All study participants underwent overnight PSG at the Neuro-Sono Sleep Center laboratory.

This study was approved by the UNIFESP/Hospital Sao Paulo Research Ethics Committee (CAAE: 27853514.8.0000.5505).

Evaluation

Participants were evaluated clinically and through anthropometric parameters such as age, height, weight, and BMI. Daytime sleepiness was assessed by the ESS. All participants were submitted to only one PSG evaluation according to experimental protocol described below.

Experimental Protocol

Polysomnography . Participants spent only one night in the sleep laboratory. They were instructed to arrive at around 7:00 pm for electrode montage and preparation. Participants were asked to refrain from alcohol, drugs, excessive caffeine and nicotine before coming to the laboratory. Bedtime and time in bed were determined according to reported time on sleep diary (SD). For all participants, lights-out was initiated after a bio-calibration, with no less than a fixed 8 h of PSG recordings. Overnight PSG was performed using an Alice 5 diagnostic sleep system (Respironics Philips, Amsterdam, Netherlands). The parameters monitored were: electroencephalogram, electrooculogram, submental and tibial electromyogram, electrocardiography, chest and abdominal movements (plethysmography belt), airflow (thermistor and nasal cannula), and peripheral oxygen saturation, following the AASM manual criteria [30]. Interelectrode impedance was maintained below 5 kΩ. Respiration and tibialis EMG were monitored during the PSG recording in order to rule out sleep apnea and periodic limb movements. Participants diagnosed with another sleep disorder were excluded.

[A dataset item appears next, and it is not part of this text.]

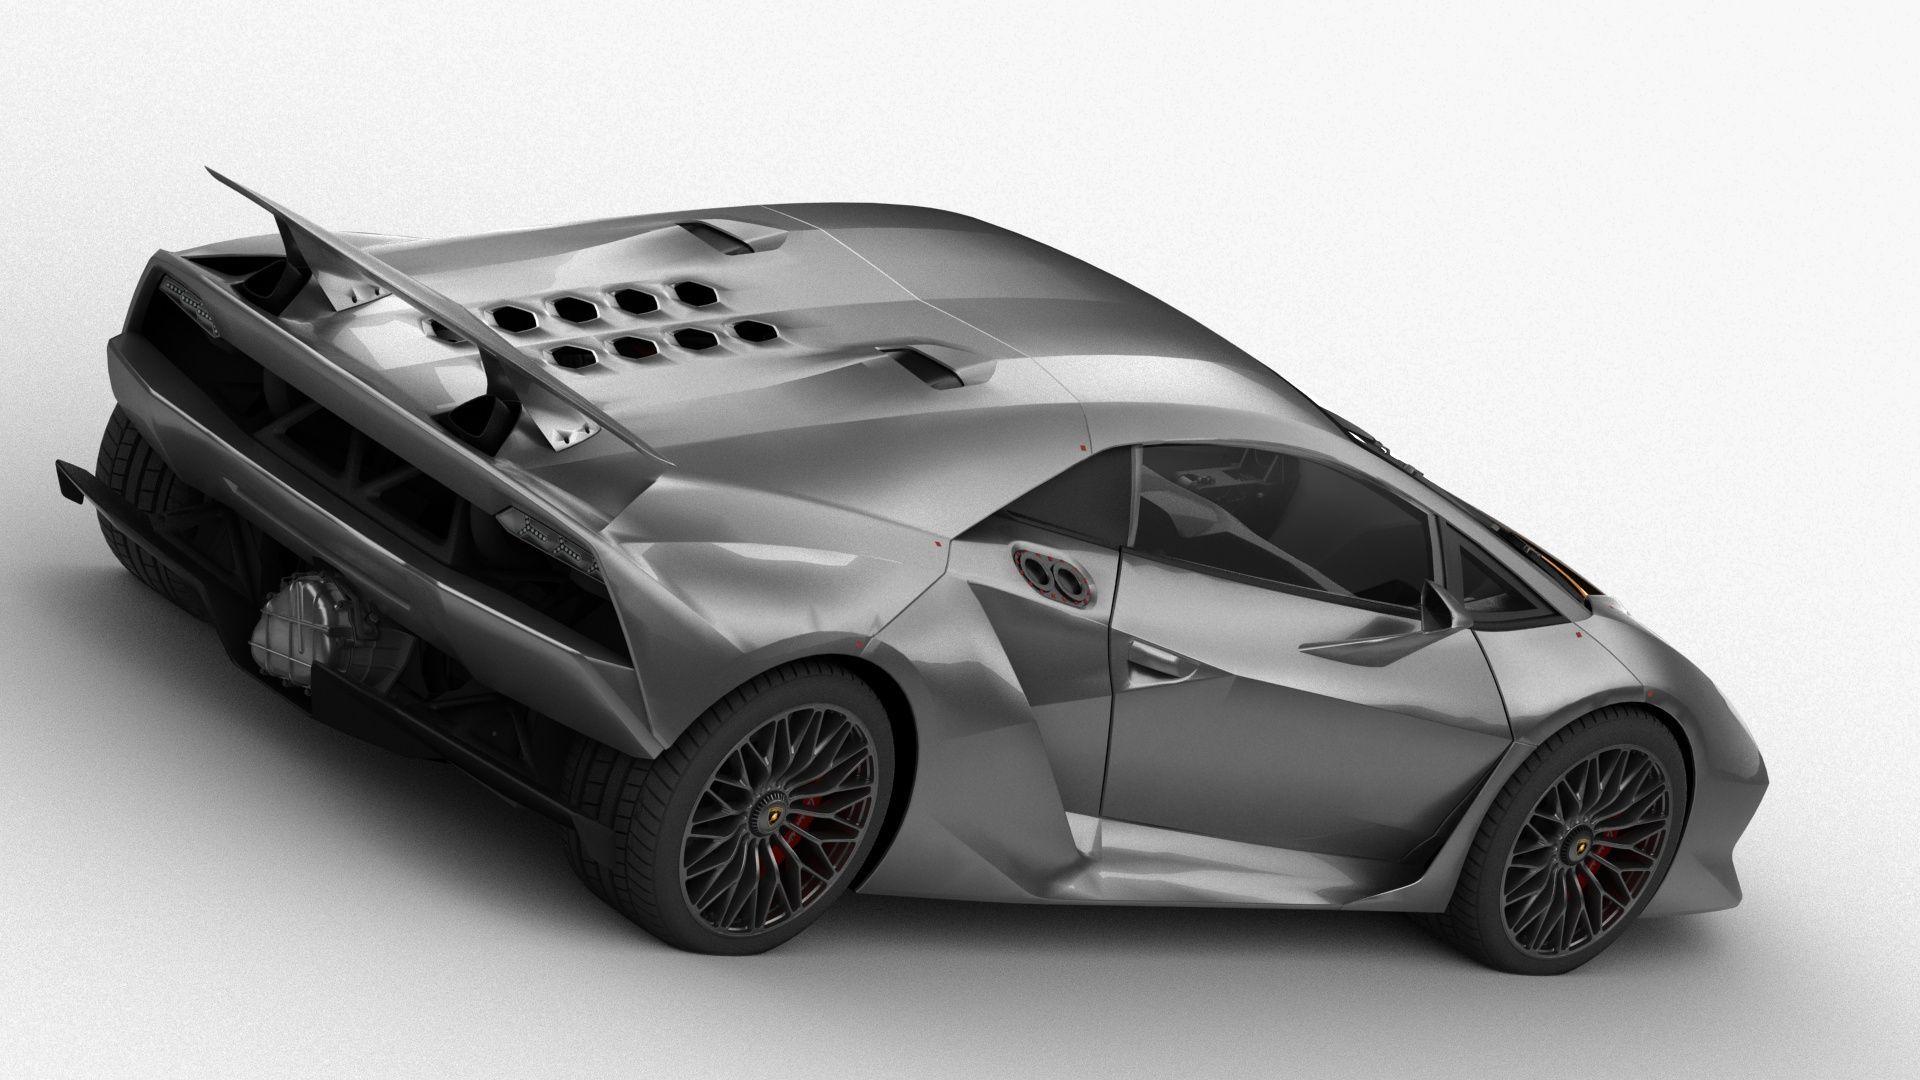 Lamborghini Sesto Elemento 2012 #Sesto, #Lamborghini, #Elemento #lamborghinisestoelemento Lamborghini Sesto Elemento 2012 #Sesto, #Lamborghini, #Elemento #lamborghinisestoelemento

Auditory stimulation . During PSG, patients were exposed to sound stimuli specific to each sleep stage (N2, N3, and REM). Study participants were informed that sounds would be played overnight but were unaware of the nature of these sounds. It was chosen stimuli that would be easy to recognize, and it would sound unexpected in a large urban area such as the city where the study was conducted to facilitate reporting and to avoid bias in our results once the similarity between the standardized sounds with those which could come from outside the sleep laboratory was a possibility. Sound stimuli were consisted of a rooster crowing, a horse whinnying, and a cow mooing, applied during the N2, N3, and REM stages respectively.

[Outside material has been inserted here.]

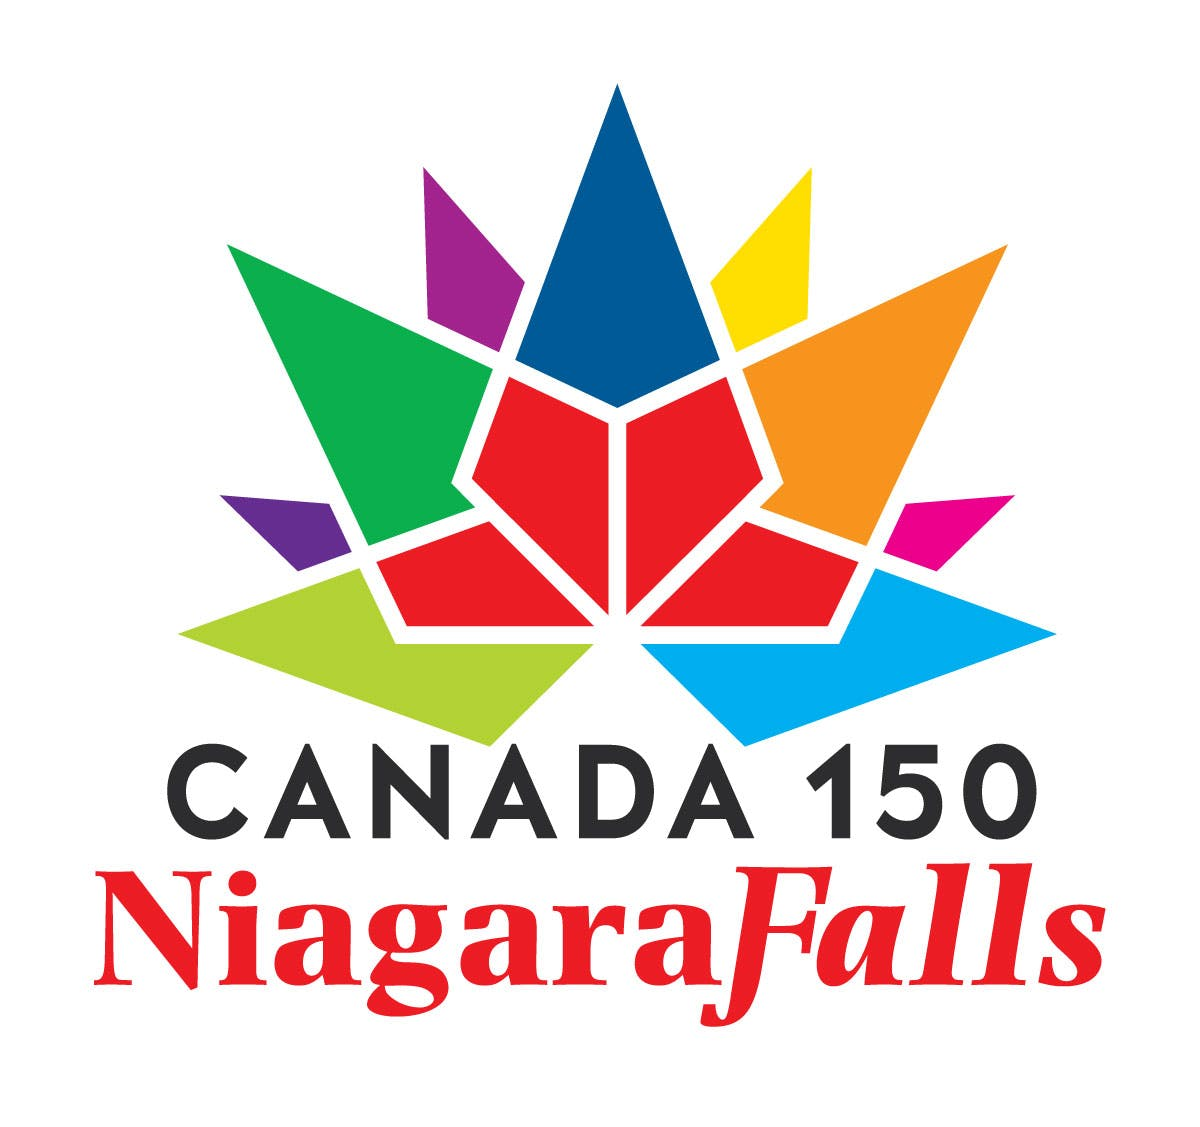 Canada 150 Niagara Falls

The laboratory room was equipped with two speakers, positioned side by side at the headboard, 15 cm from the patient’s head (Figure 1). The stimuli were triggered by the investigator according to a pre-established protocol. Stimuli were administered after the standard pattern corresponding to each sleep stage had been present for at least 2 minutes. Each stimulus (lasting three seconds) was presented in ascending intensities of 10 dB (from 40 to 100 dB) until resulted in arousal or awakening, following the criteria established in the AASM manual [30]. If the stimulus did not result in arousal or awakening, the minimum interval for the next stimulus was 1 minute. For each patient, it was administered as many stimuli as needed, until it was obtained at least two (maximum of five), which were associated with arousal or awakening for each sleep stage. The amount of stimuli associated with arousal or awakening was used to evaluate the performance index for both groups in order to increase the probability of their auditory processing. Stimuli associated with arousal or awakening were logged in a spreadsheet containing the hour, stage of sleep, and stimulus intensity performed, for further confrontation with the information obtained through patients’ answers.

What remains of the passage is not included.